About this exercise:
For this exercise, retype each line of the material below verbatim and omit any picture.

Data extract:

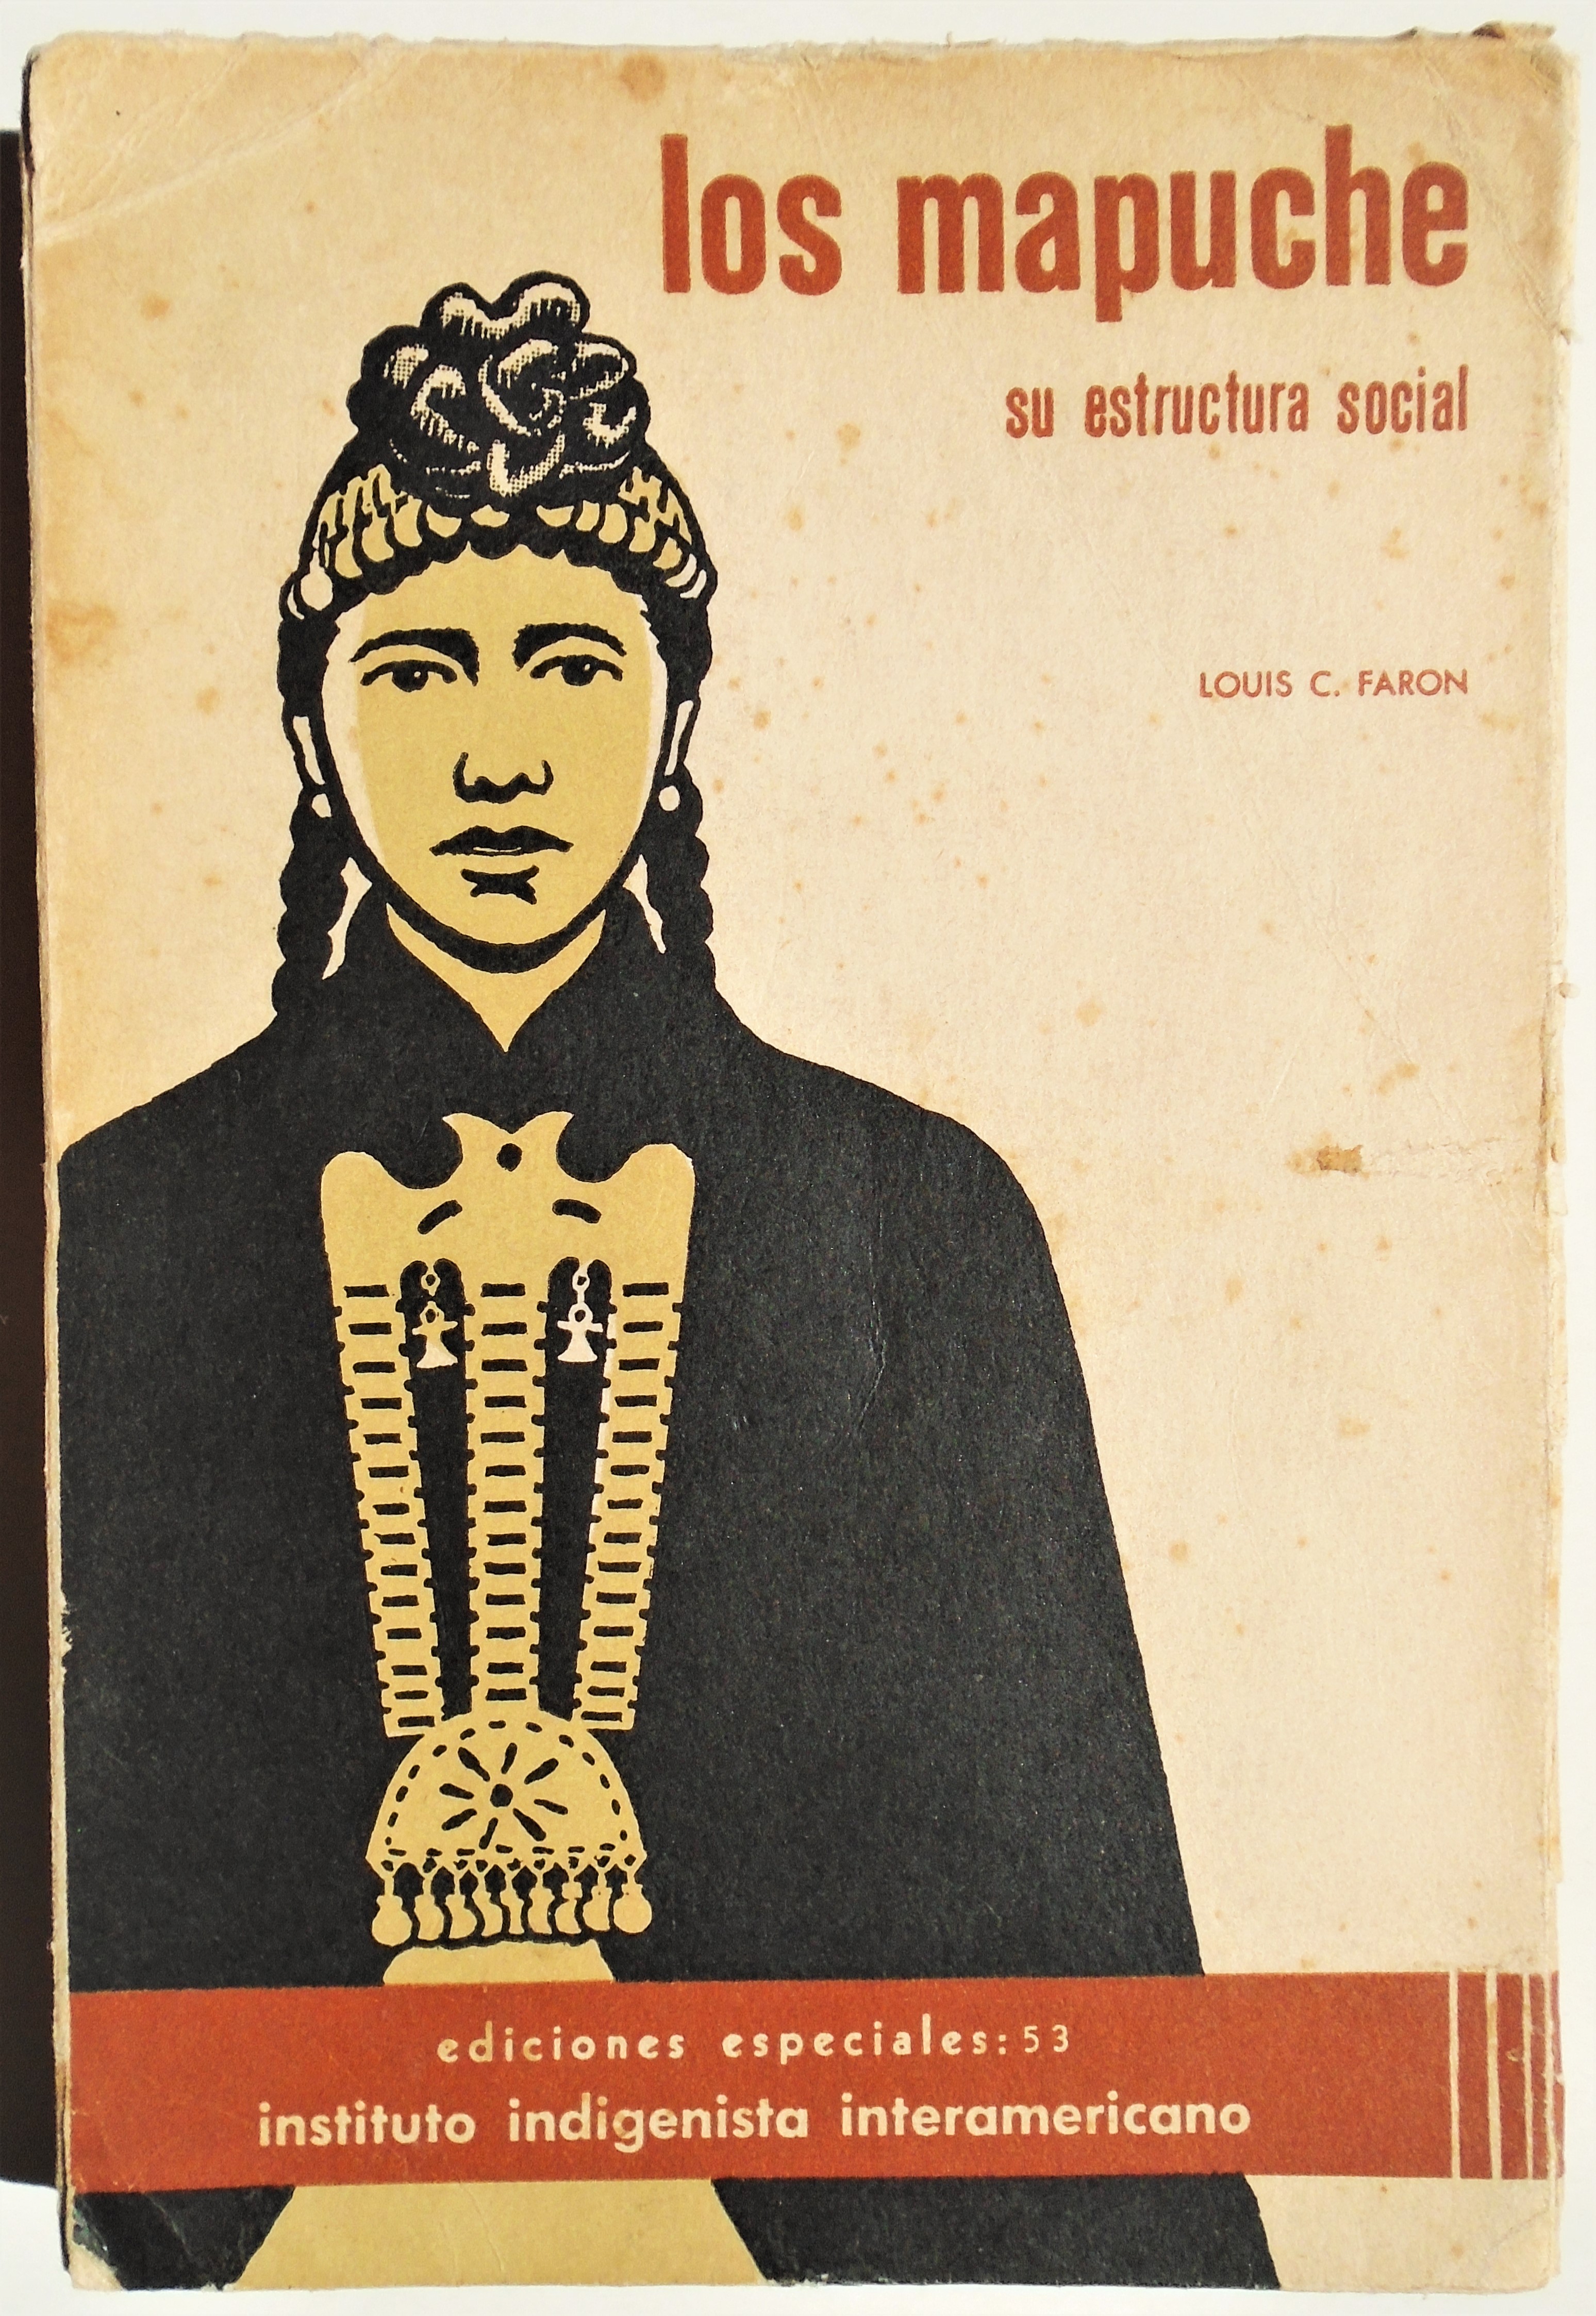 Louis Faron - Los mapuche, su estructura social
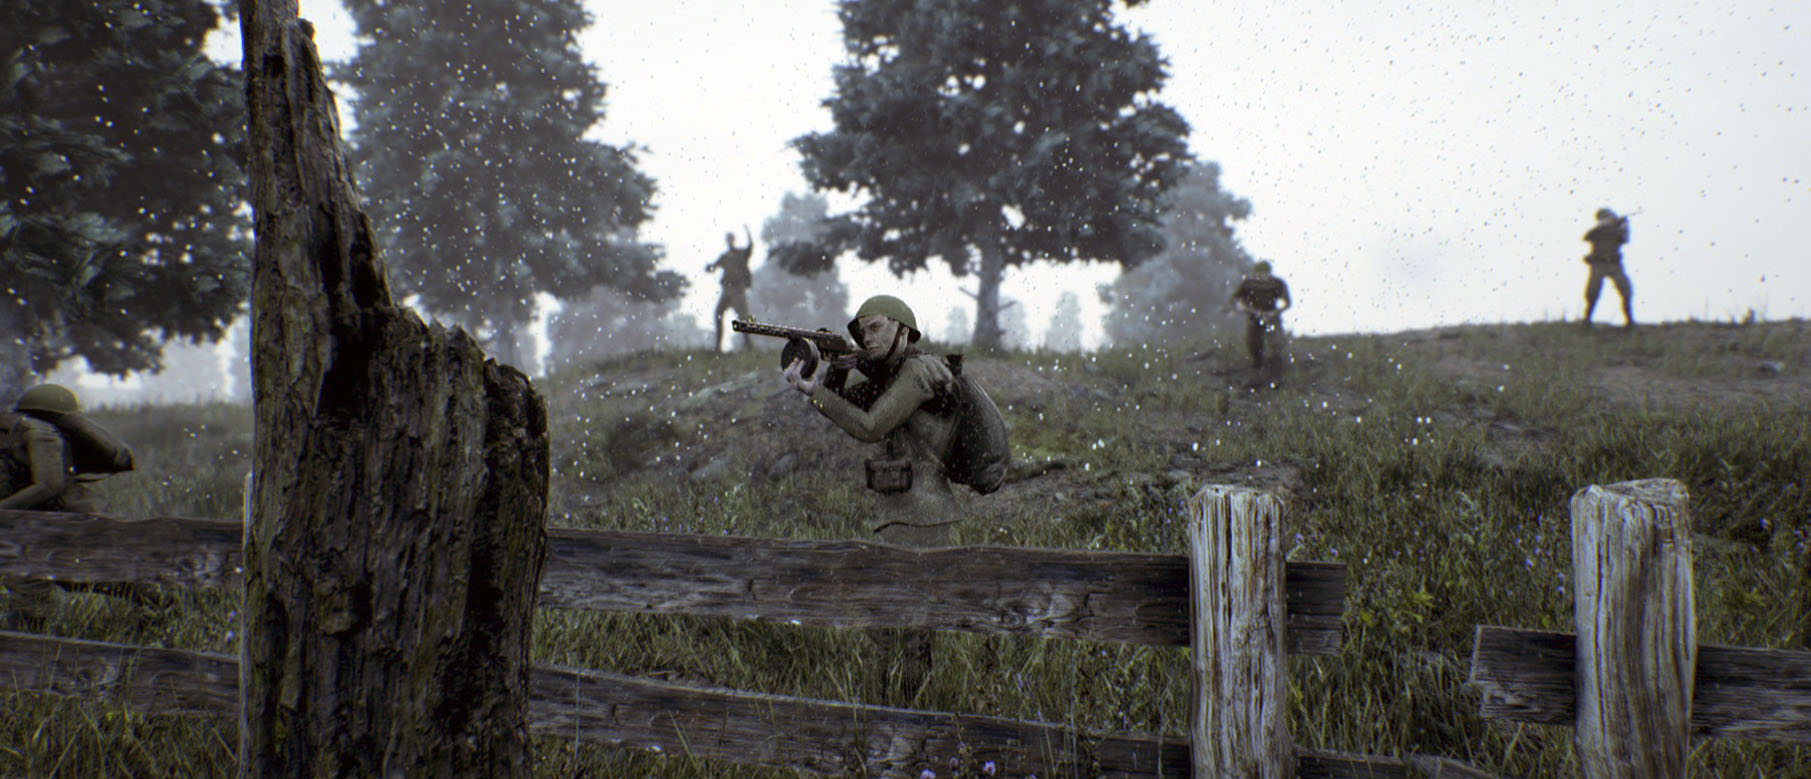 Изображение к Шутер от первого лица Battalion 1944 намерен бросить вызов Call of Duty и Battlefield, говорят разработчики
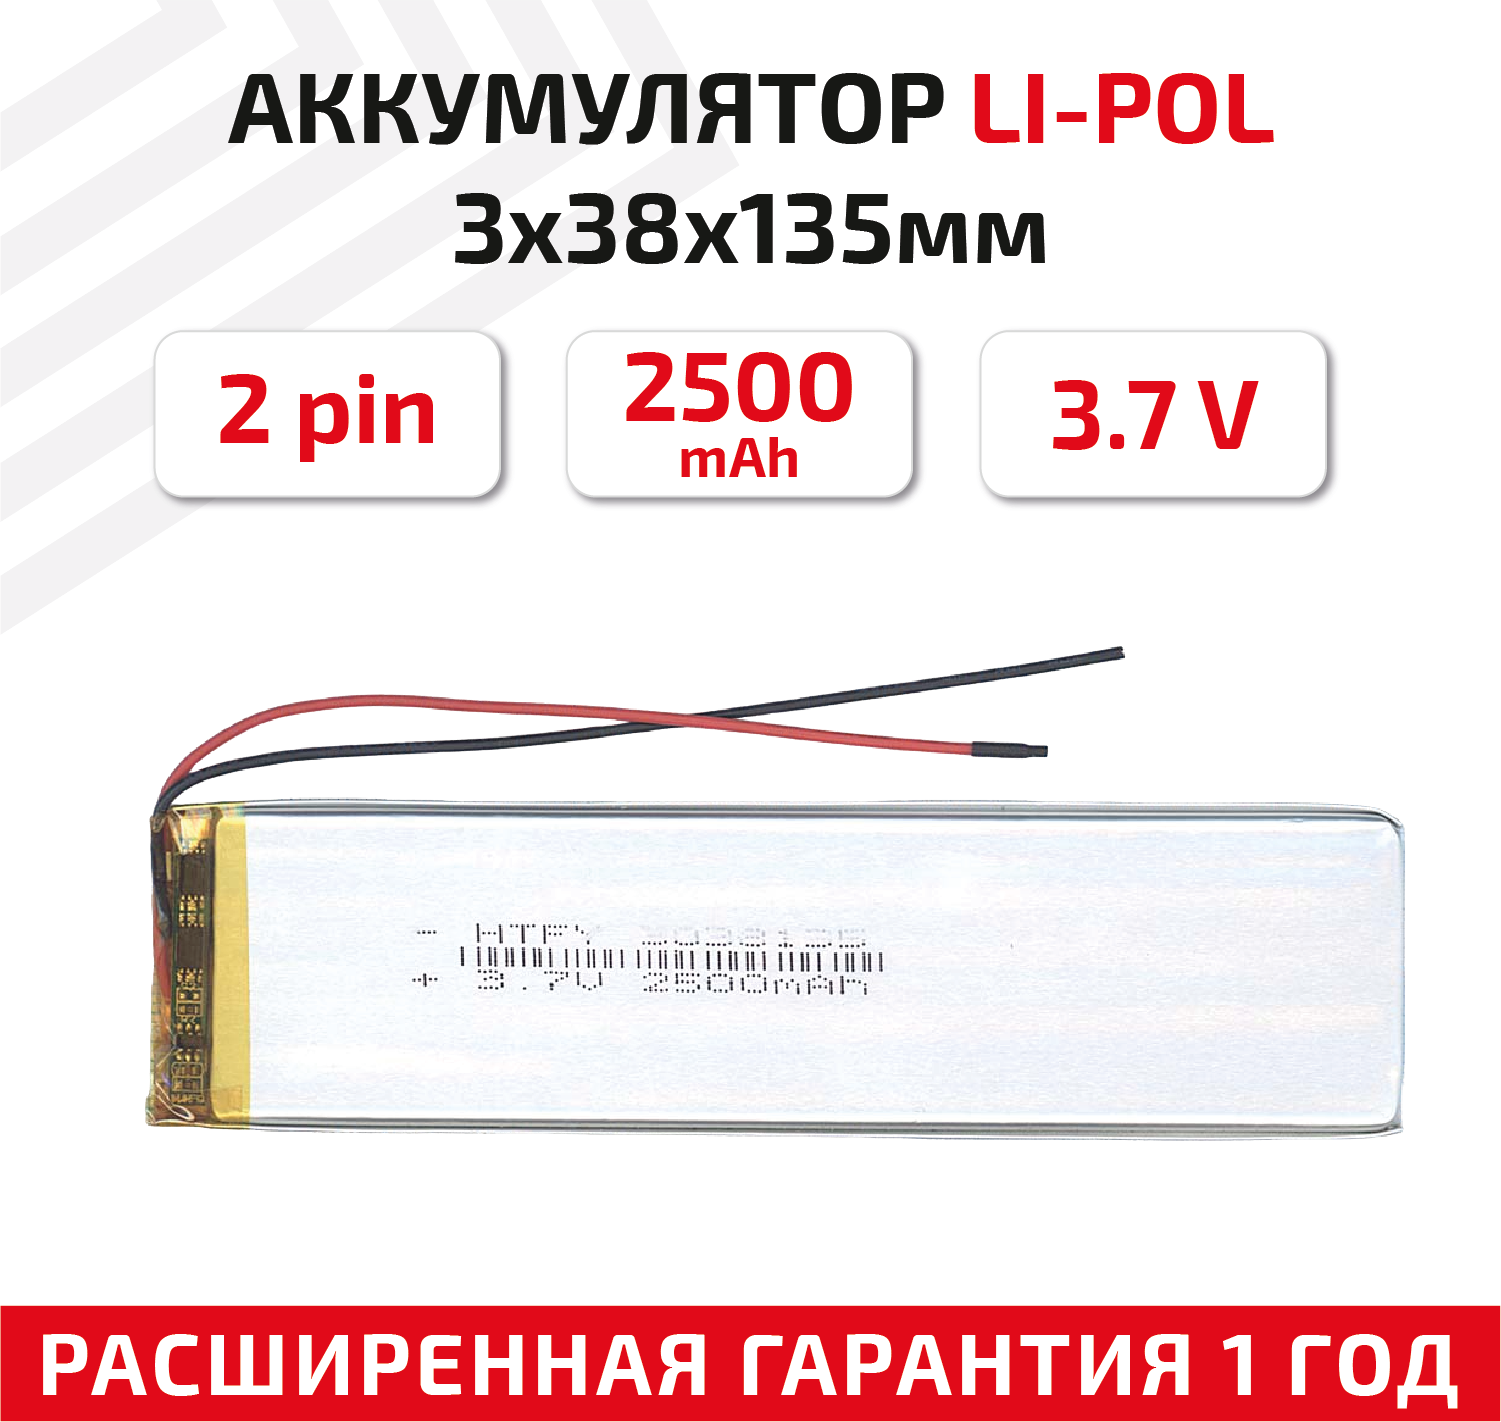 Универсальный аккумулятор (АКБ) для планшета, видеорегистратора и др, 3х38х135мм, 2500мАч, 3.7В, Li-Pol, 2pin (на 2 провода)

Result of this exercise:
 Louis Faron - Los mapuche, su estructura social
 Изображение к Шутер от первого лица Battalion 1944 намерен бросить вызов Call of Duty и Battlefield, говорят разработчики
 Универсальный аккумулятор (АКБ) для планшета, видеорегистратора и др, 3х38х135мм, 2500мАч, 3.7В, Li-Pol, 2pin (на 2 провода)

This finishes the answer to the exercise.